*Exercise*.
All lines from the one containing "The Worker Sweatshirt for kids" through the last line of the listing should be given again exactly, with no pictures.

*Data extract*.
--- --- ---
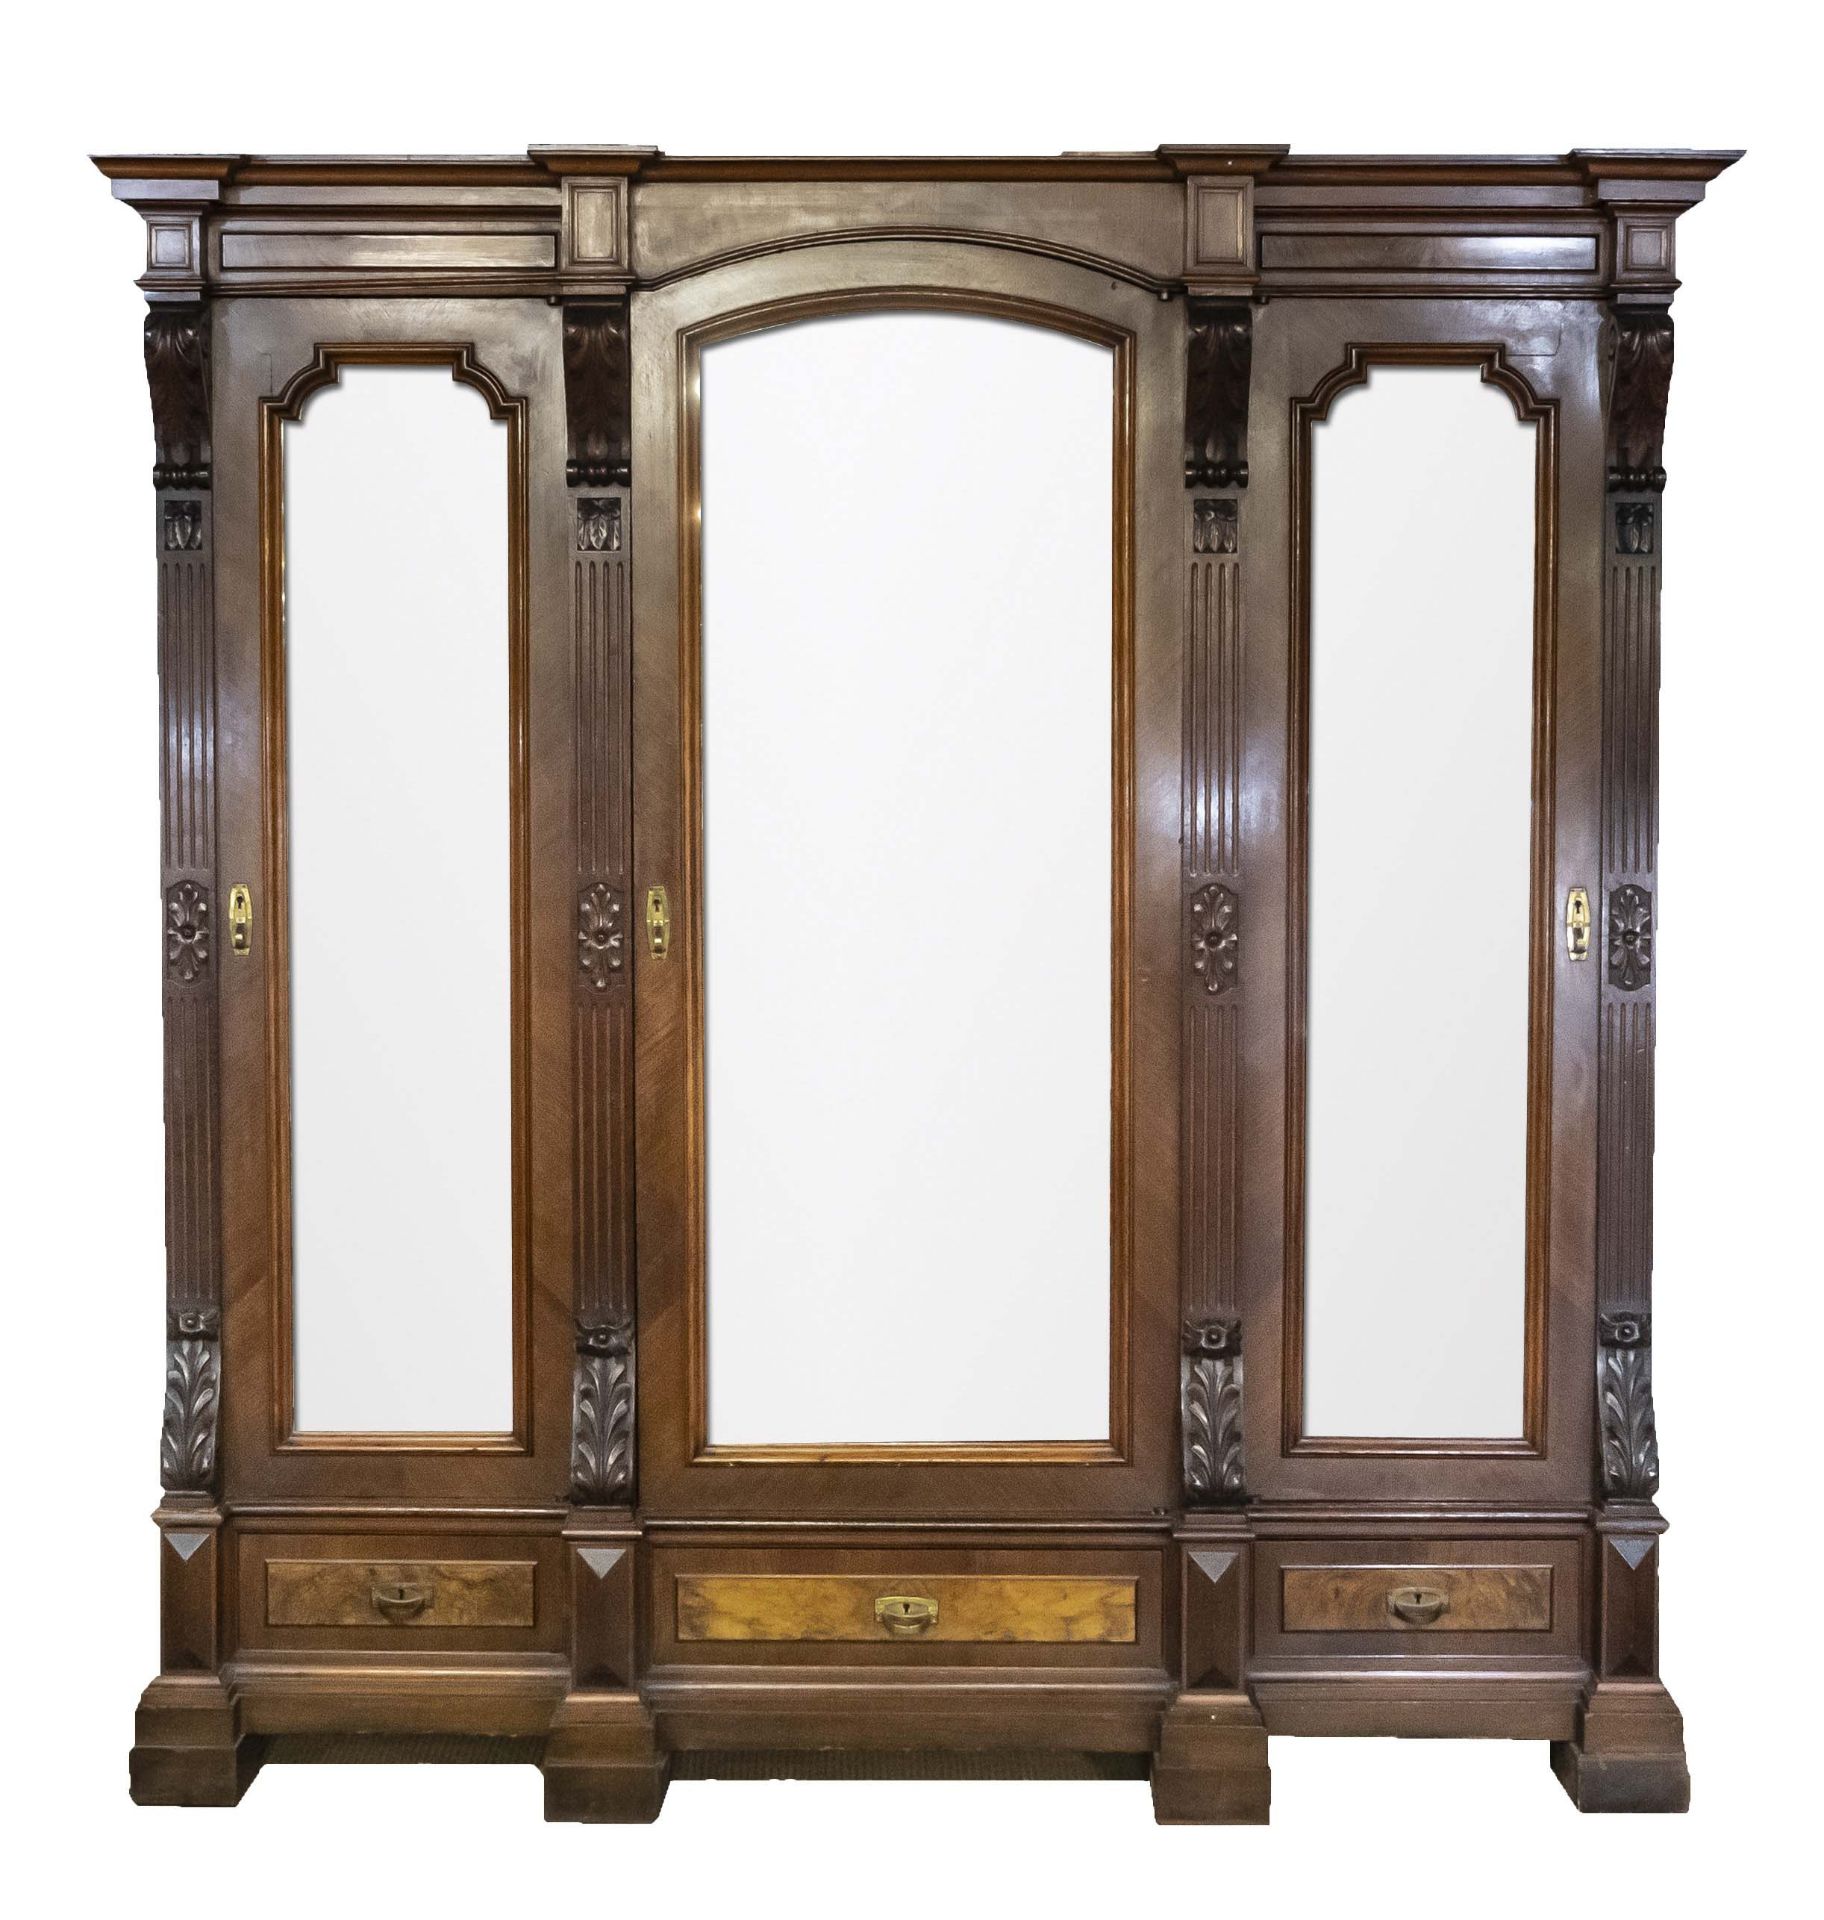 Wilhelminian style closet from around 1880, walnut veneered, 3-door mirrored body, coffered sides,
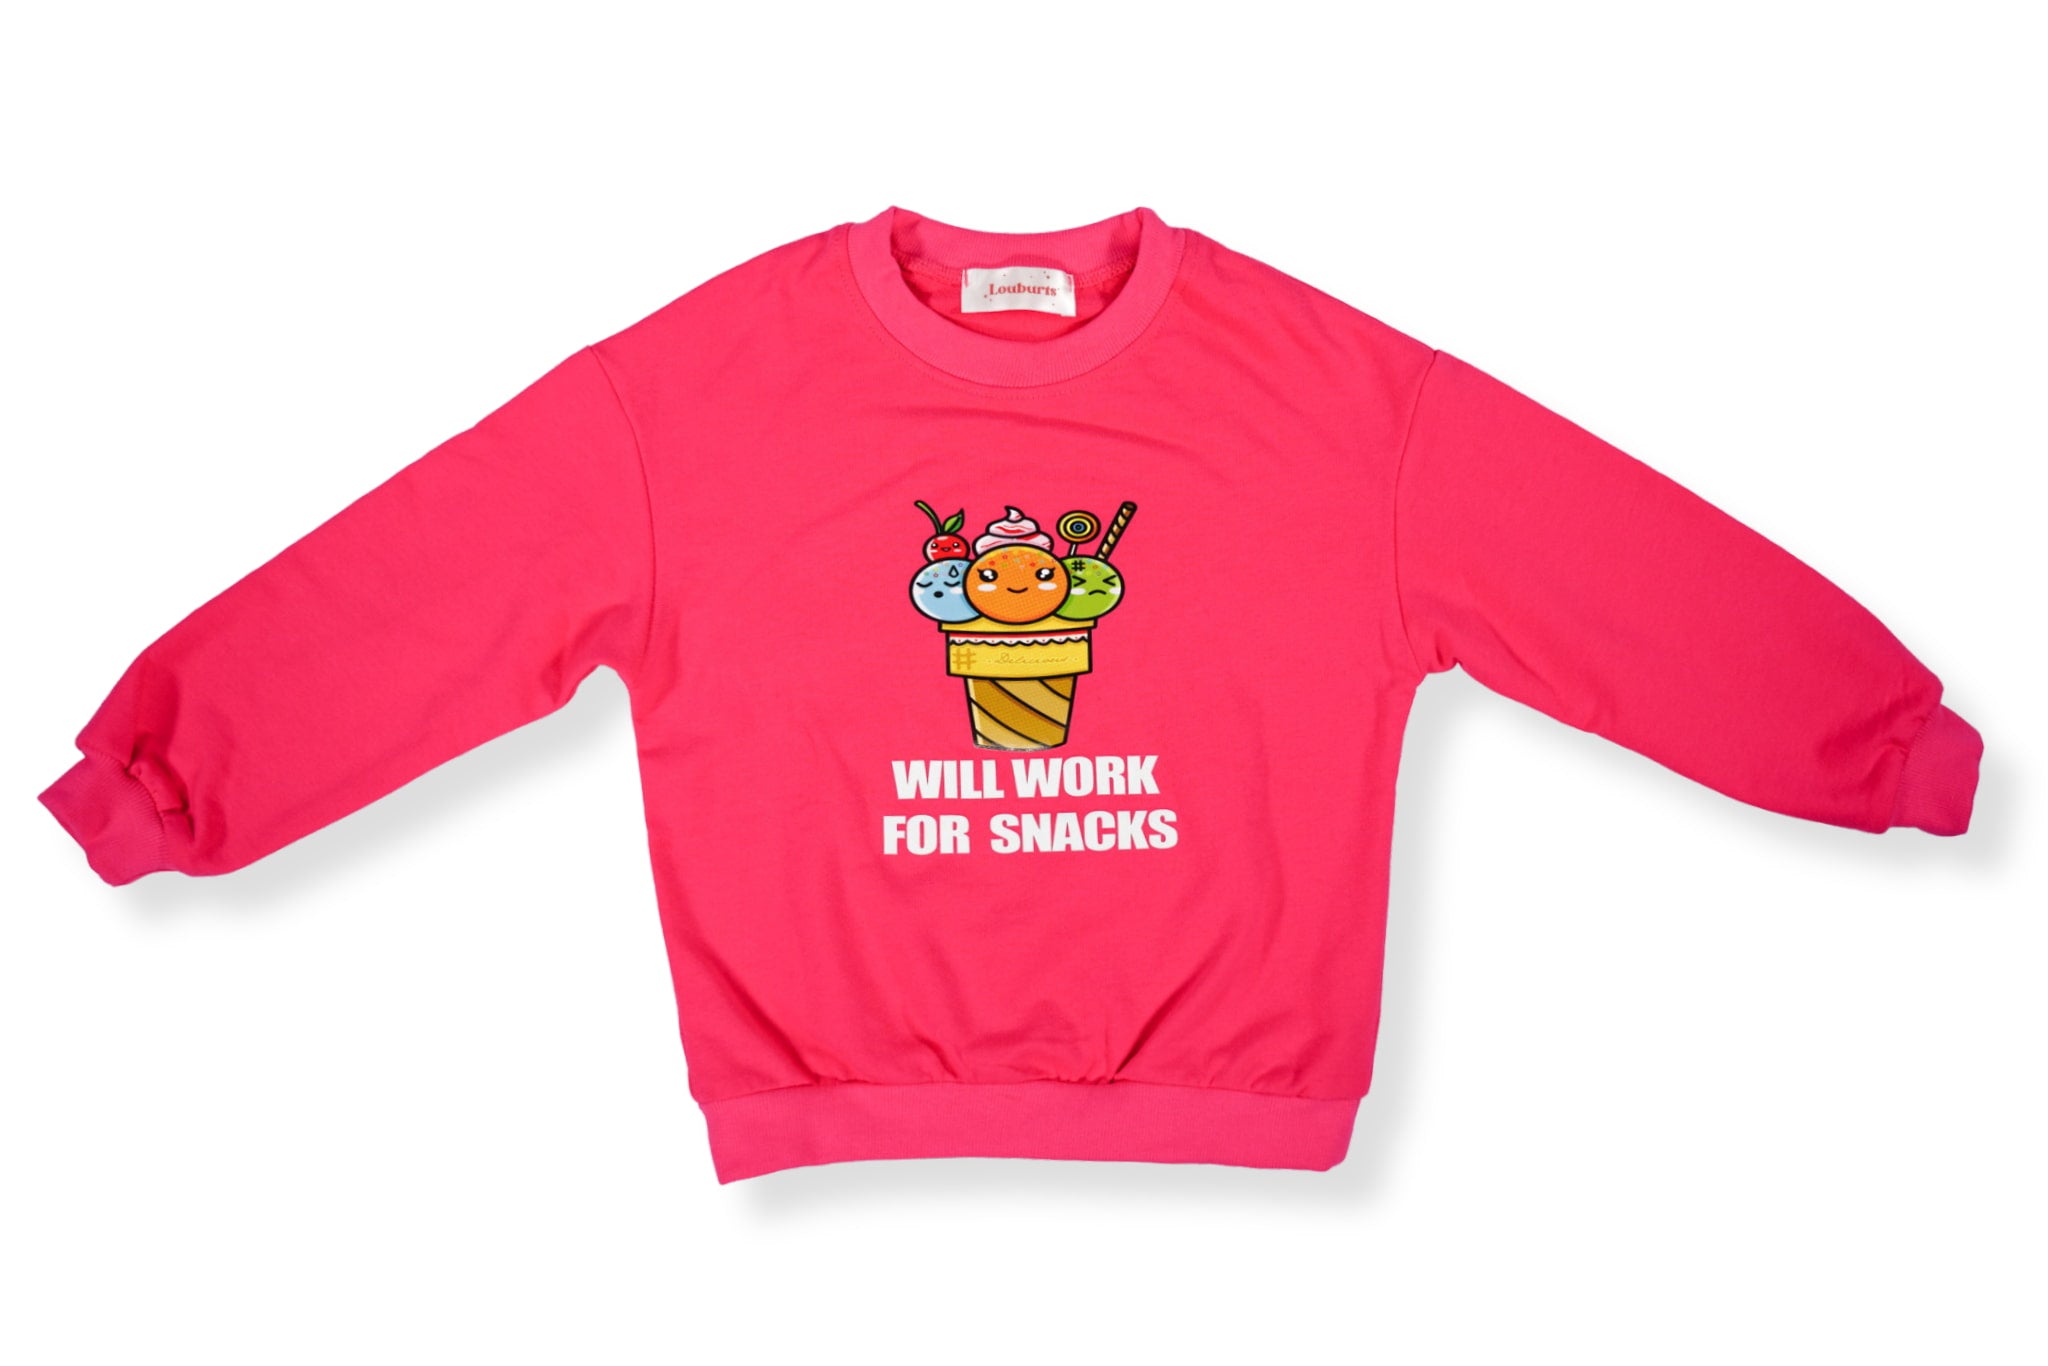 The Worker Sweatshirt for kids
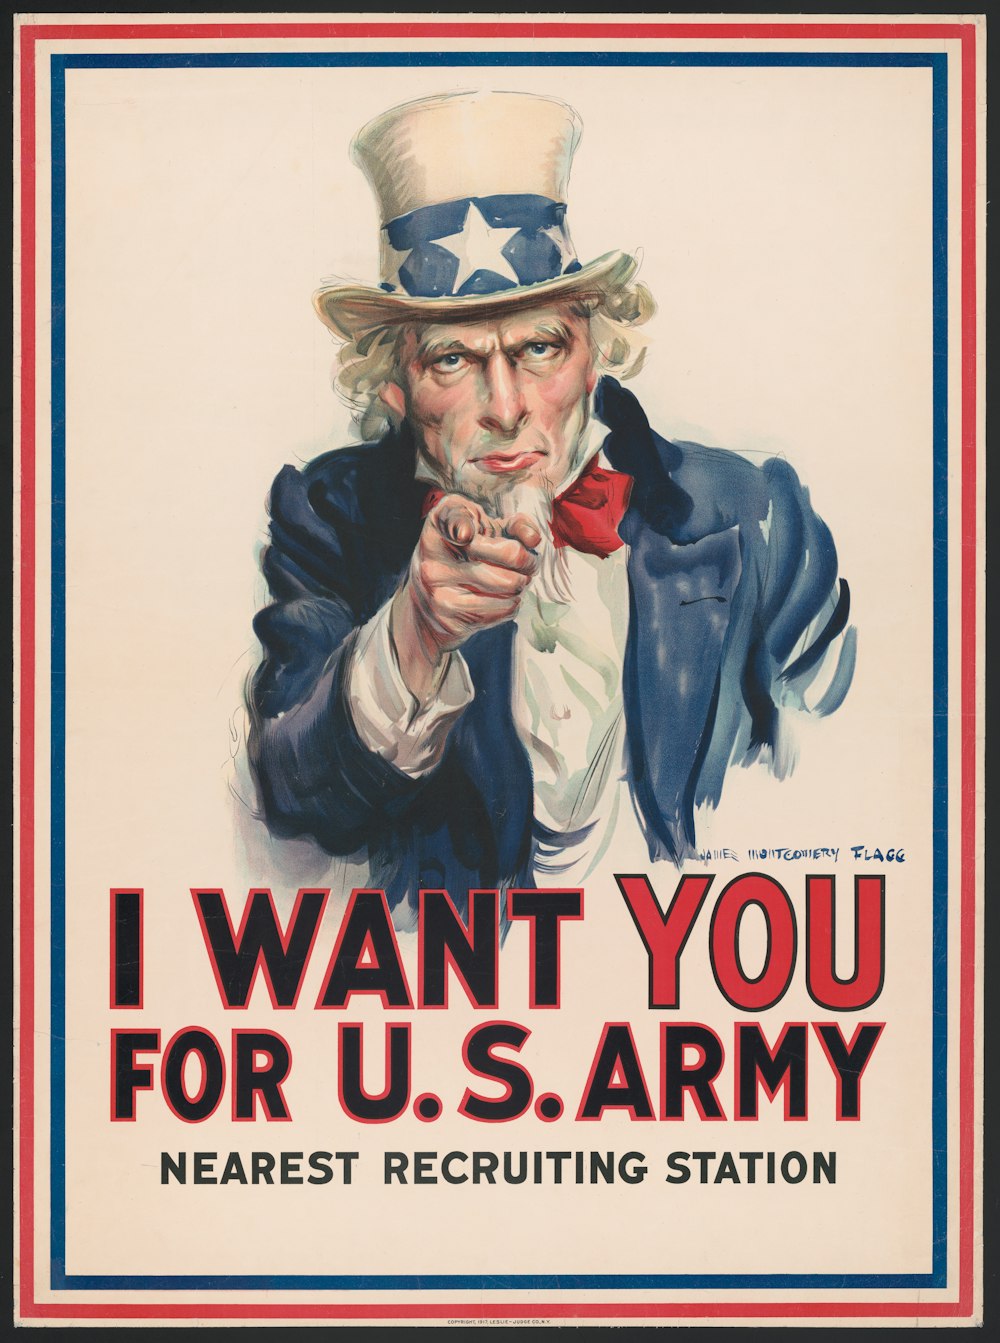 Ich will dich für die U.S. Army
--- --- ---
*Output*.
 The Worker Sweatshirt for kids
 Ich will dich für die U.S. Army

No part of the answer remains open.